Поднявшись наверх, мы закрыли люк, я опечатал его и, оставив охрану, немедленно отправился в штаб фронта, где доложил об этой находке начальнику ОКР «Смерш» генерал-лейтенанту Осетрову и просил его принять бункеры под свою охрану, что и было выполнено.
В двадцатых числах мая маршал И. С. Конев, генерал-лейтенант И. Т. Кольченко, генерал-лейтенант Осетров и сопровождавшие их лица приехали в крепость Кенигштайн и осмотрели места, где были укрыты ценности. Я подробно доложил маршалу. (Приезд снимал оператор военной кинохроники.)
— Хочу сострить, Бэр. У Горького была вещица «Девушка и Смерть». Пошлейшая.
— На которой Сталин написал: «Эта штука посильнее, чем „Фауст“ Гёте».
— А, вы знаете. Вот предлагаю название. Не «Девушка и Смерть», а «Дедушка и „Смерш“». И тоже как «Фауст» Гёте… Представляете, прежде он был практически незаметен, одинок, мал, и вдруг его привозят для доклада к генерал-лейтенанту «Смерша»? Маршал Конев по его приглашению выезжает на осмотр местности? Все снимают операторы?
— Эта хроника, может быть, где-нибудь лежит еще, Зиман.

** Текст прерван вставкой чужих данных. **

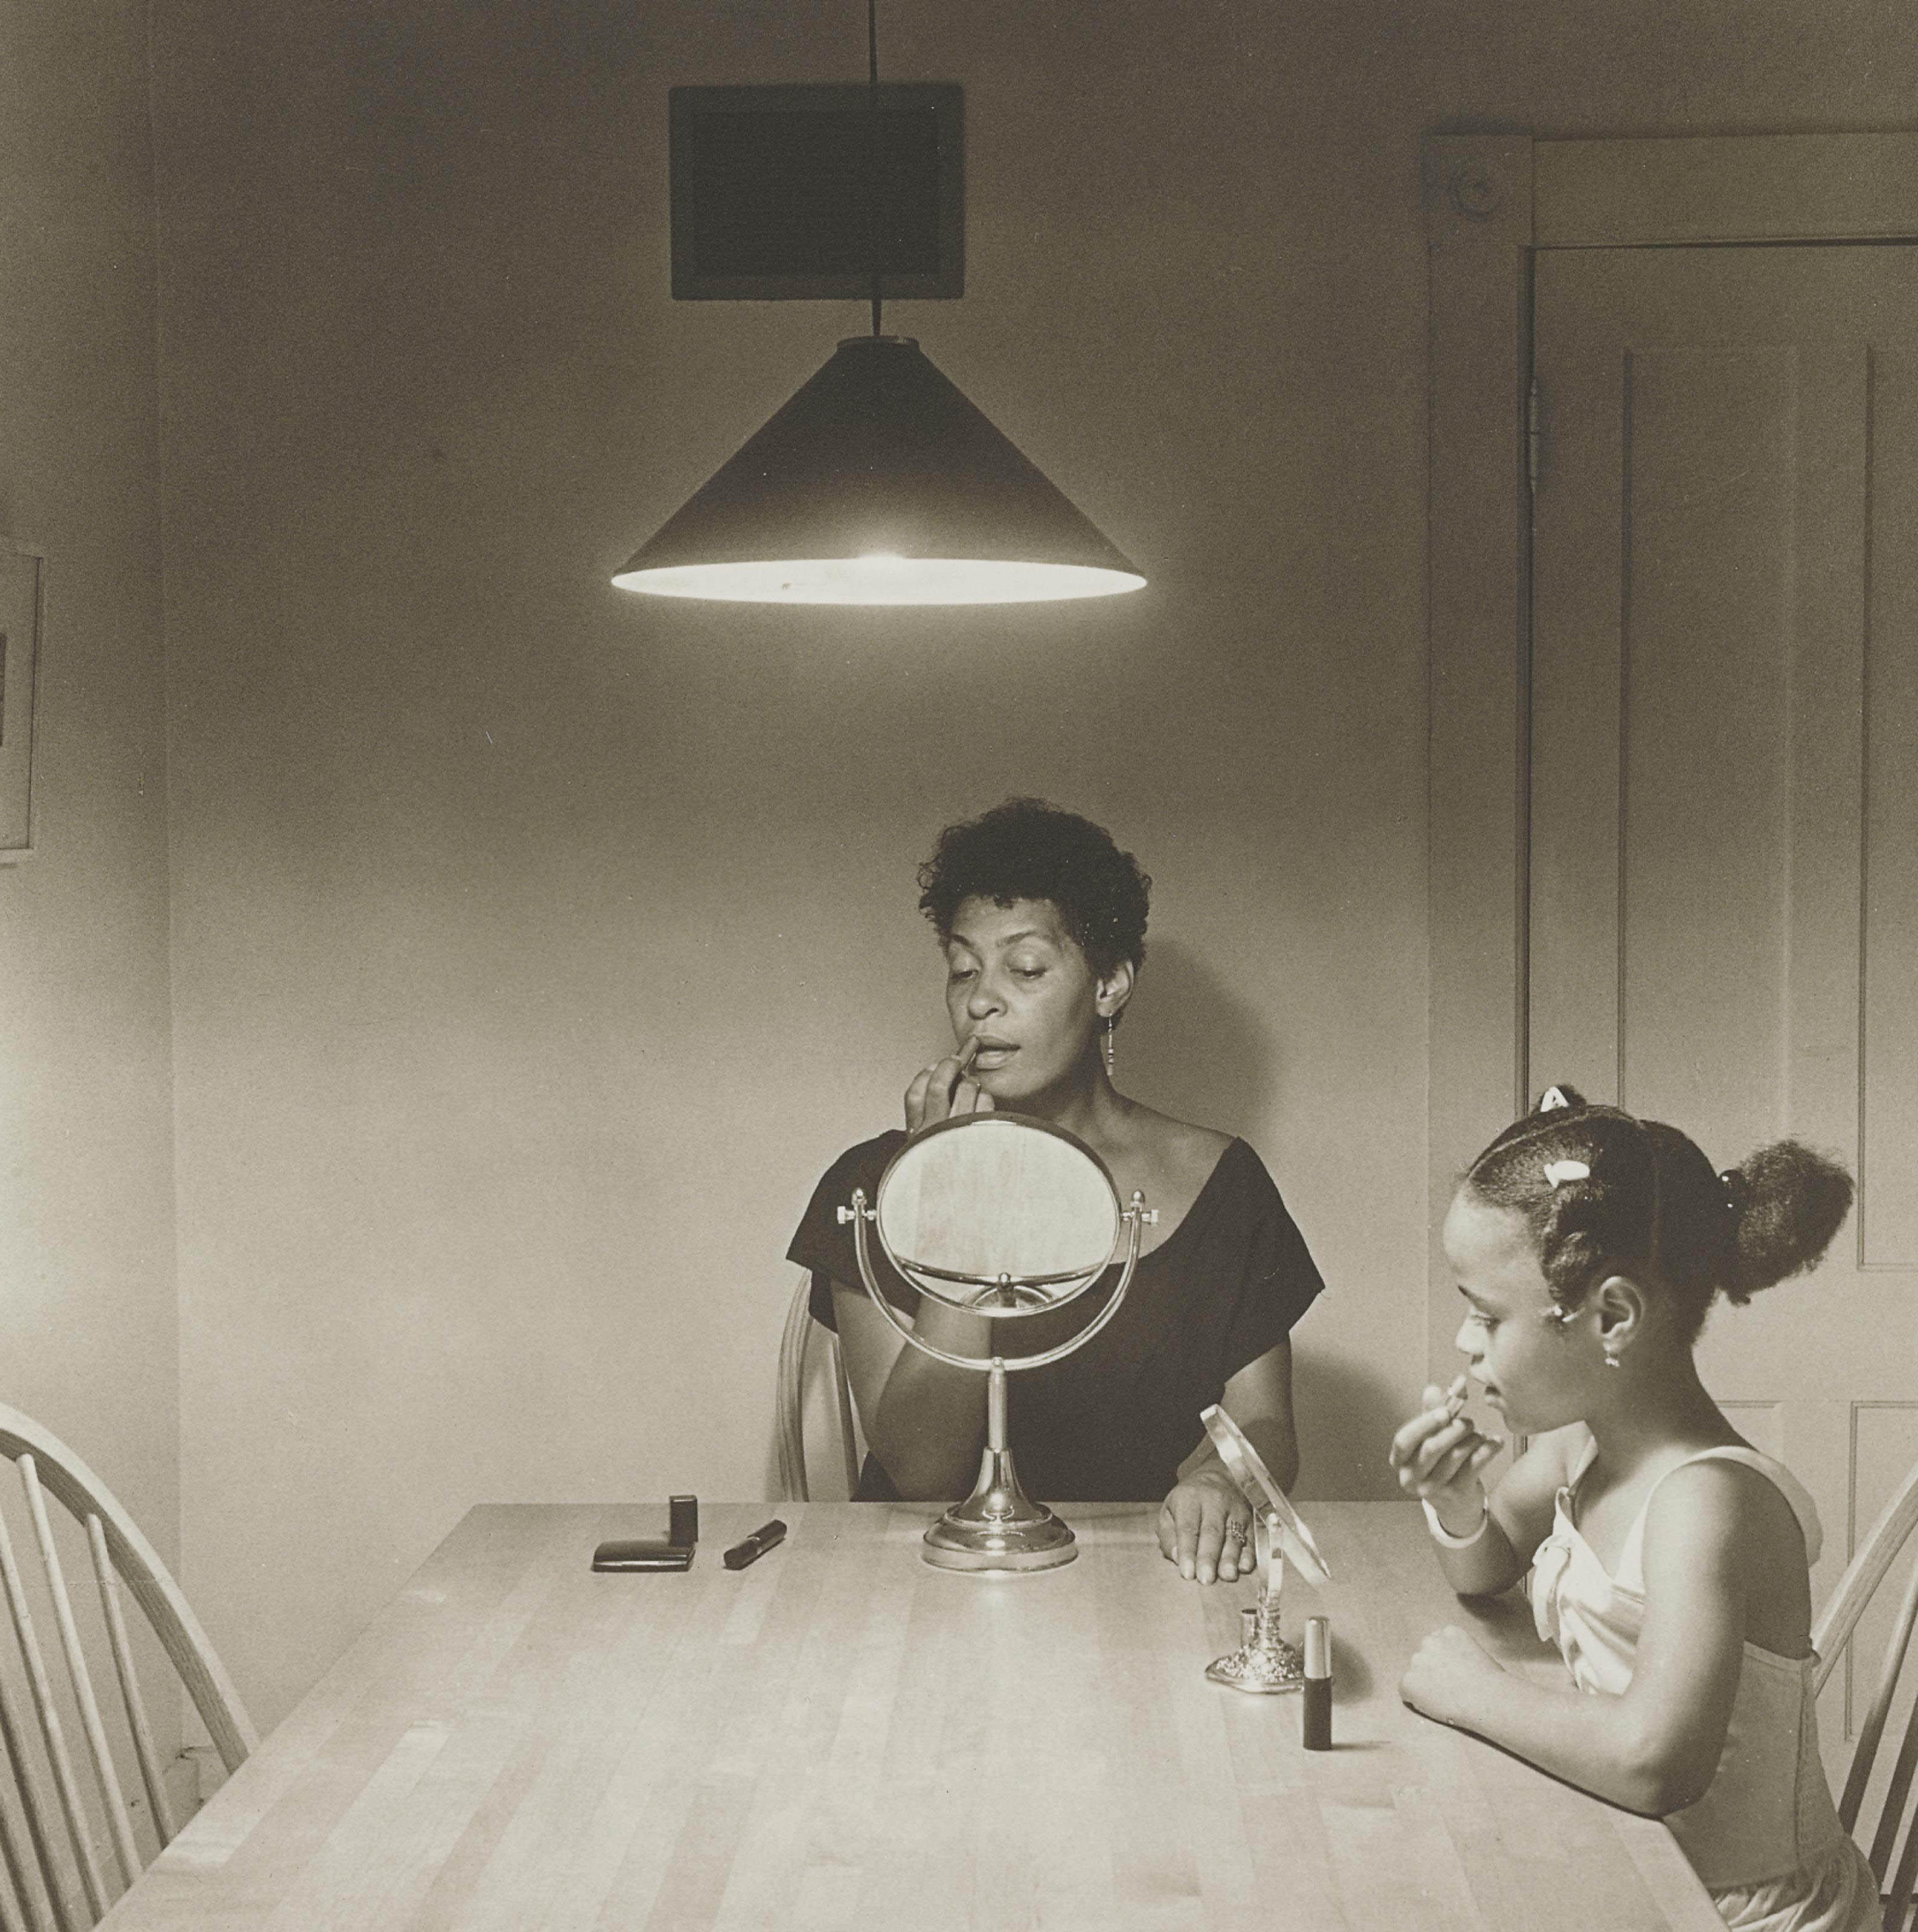 CARRIE MAE WEEMS (B. 1953)

— Да, я именно о ней думаю. Как бы мне хотелось разыскать этот фильм, Бэр.
Затем мы направились в каменоломню: маршал и сопровождавшие его лица осмотрели место, где была найдена «Сикстинская мадонна». Там еще находилась часть оставшихся картин под охраной наших бойцов. […]
В августе 1945 года, приехав в Москву, я оставил в Музее изобразительных искусств им. А. С. Пушкина докладную записку, где сжато описал вышеизложенные события. В мае 1946 года я передал аналогичную докладную записку в ЦК ВКП(б), т. П. И. Лебедеву.

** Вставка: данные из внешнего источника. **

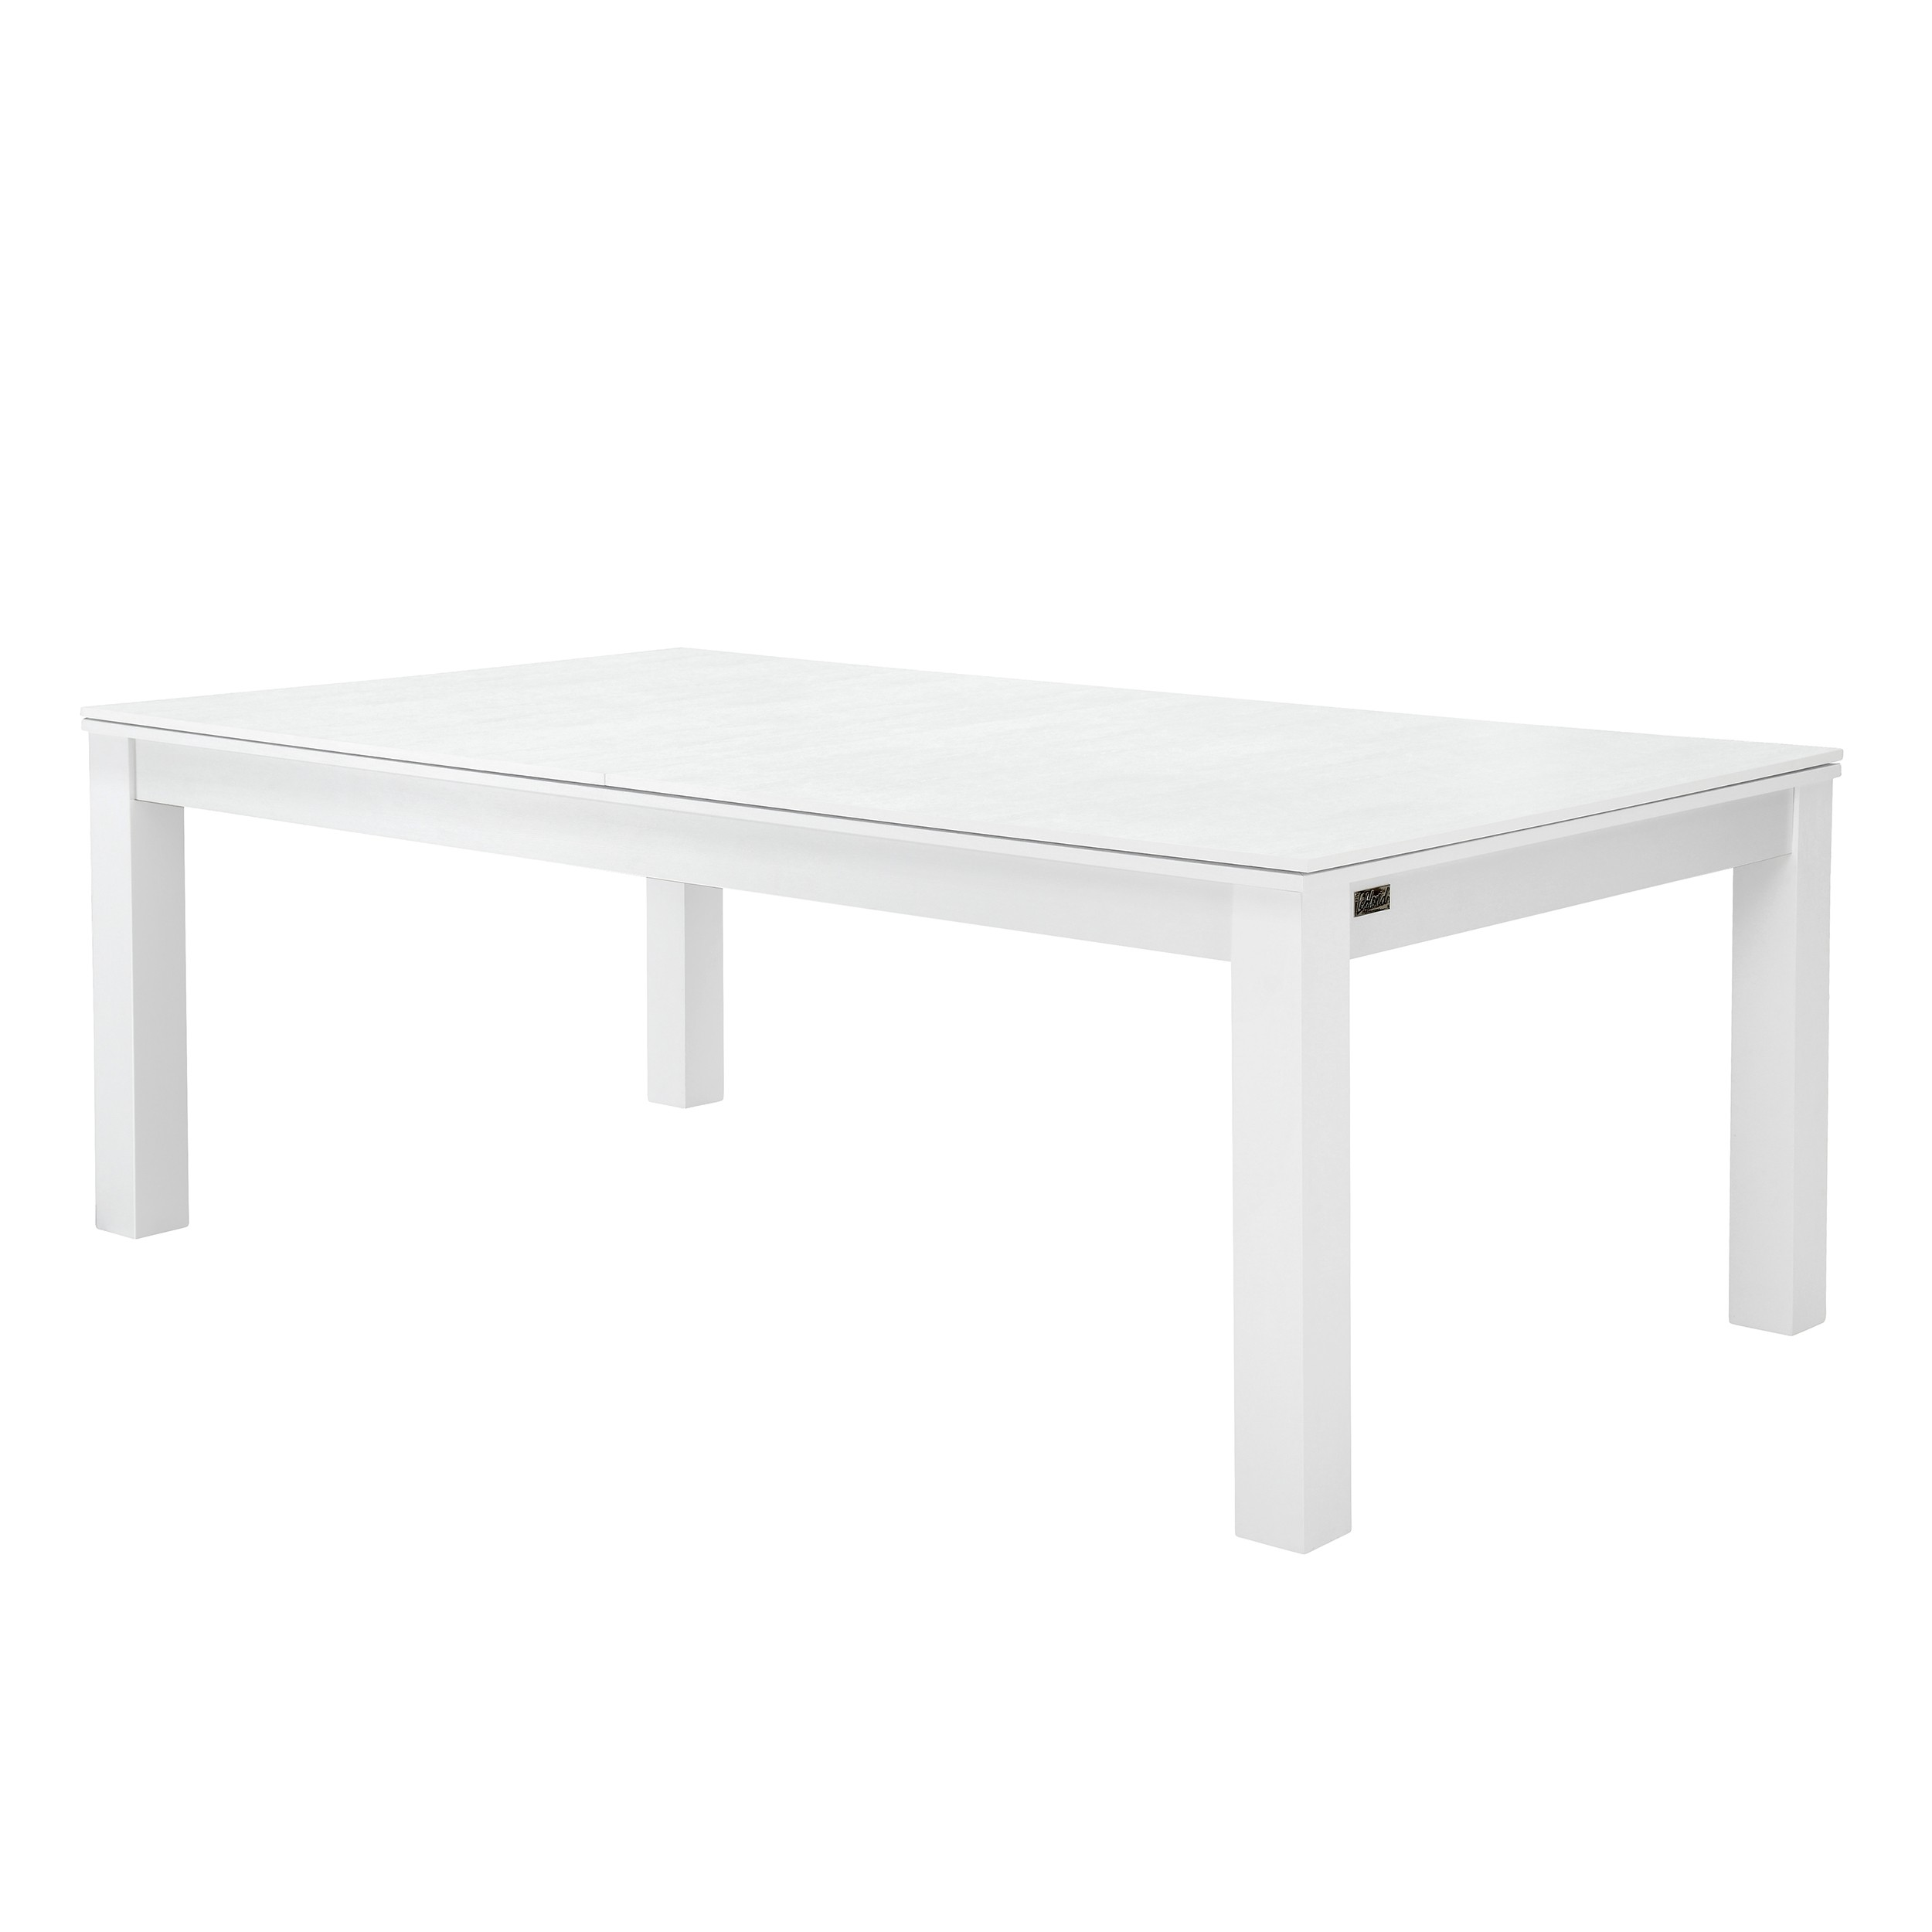 Billard-table convertible blanc tapis gris : commandez les billard ...

Сообщаю краткие сведения о себе: родился в 1912 г. Член Союза советских художников Украины с 1939 года. Военное звание — младший лейтенант. После Великой Отечественной войны, работая в области театра и книжной графики, выступал и как литератор. Опубликовал повесть «Пробуждение», где в отвлеченной, беллетризованной форме была изложена история спасения нашей армией сокровищ искусства. Опубликовал также более 10 рассказов в журналах «Октябрь», «Огонек», «Советская Украина» и ряд очерков в «Литературной газете». Мой адрес: г. Киев, ул. Мало-Васильковская, д. 23, кв. 12.
Вот. Он и начальству в рапорте подчеркивает, что сам — автор, литератор. Неуловимо подсказывает: «Опишу, напишу». Хотя на каком опасном камушке он стоял после войны. Как ему удалось сохраниться, ему, коснувшемуся тайн? Потому ли, что сплясал необходимые ритуальные па? Или как раз потому, что текстом защитился?

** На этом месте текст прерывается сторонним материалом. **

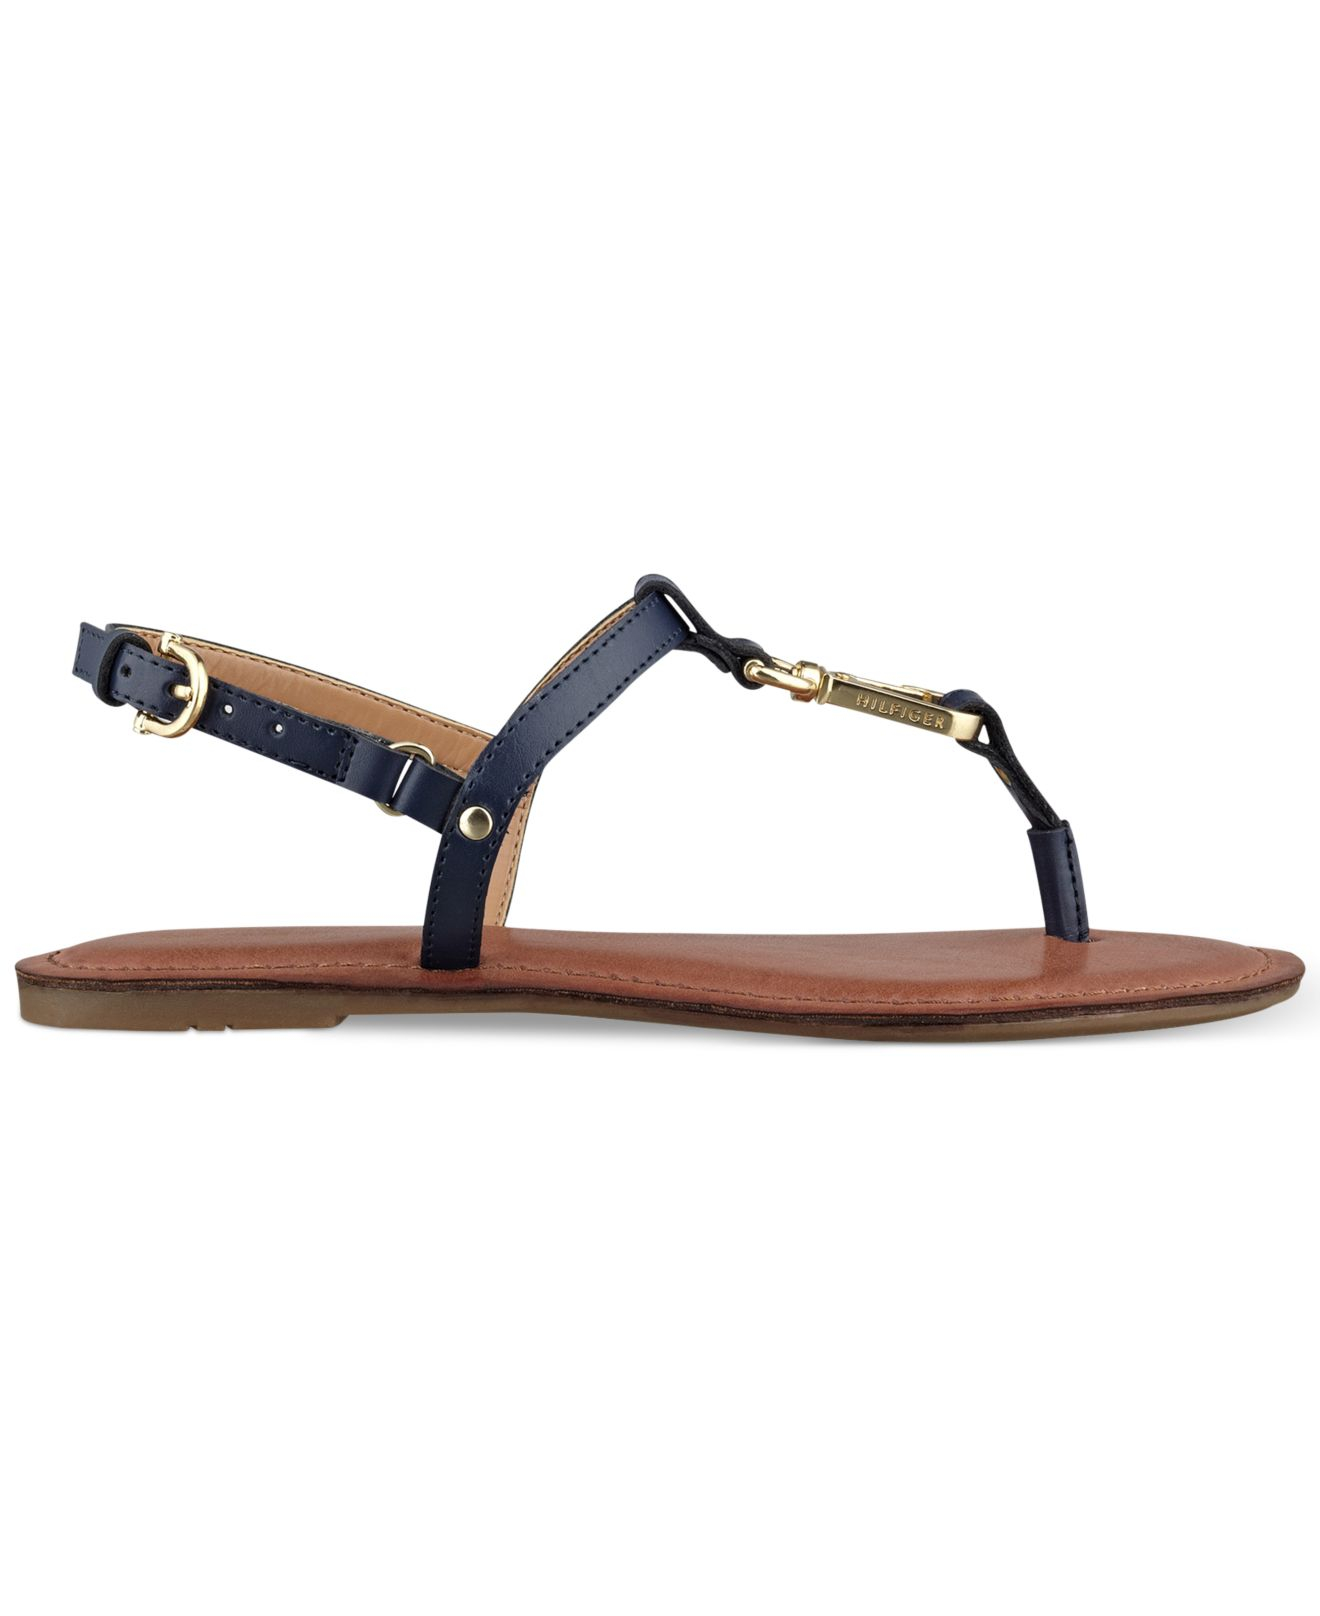 ff802e53d Lyst - Tommy Hilfiger Women S Lenita Thong Sandals in Blue

— Ну, — говорит Виктор, — Бэр, выпутаем правду из паутины недомолвок. Реконструируем историю по зарисовкам на дверях казармы и на стенах кабака.
— Казармы, кстати, устраивали обыкновенно в старинных замках, и надписи там до сегодняшнего дня — учитаешься!
— И нигде еще не сказано, как эти сокровища разворовывали…
— Можно представить как. «Не хватало никаких часовых», — пишет ваш дед.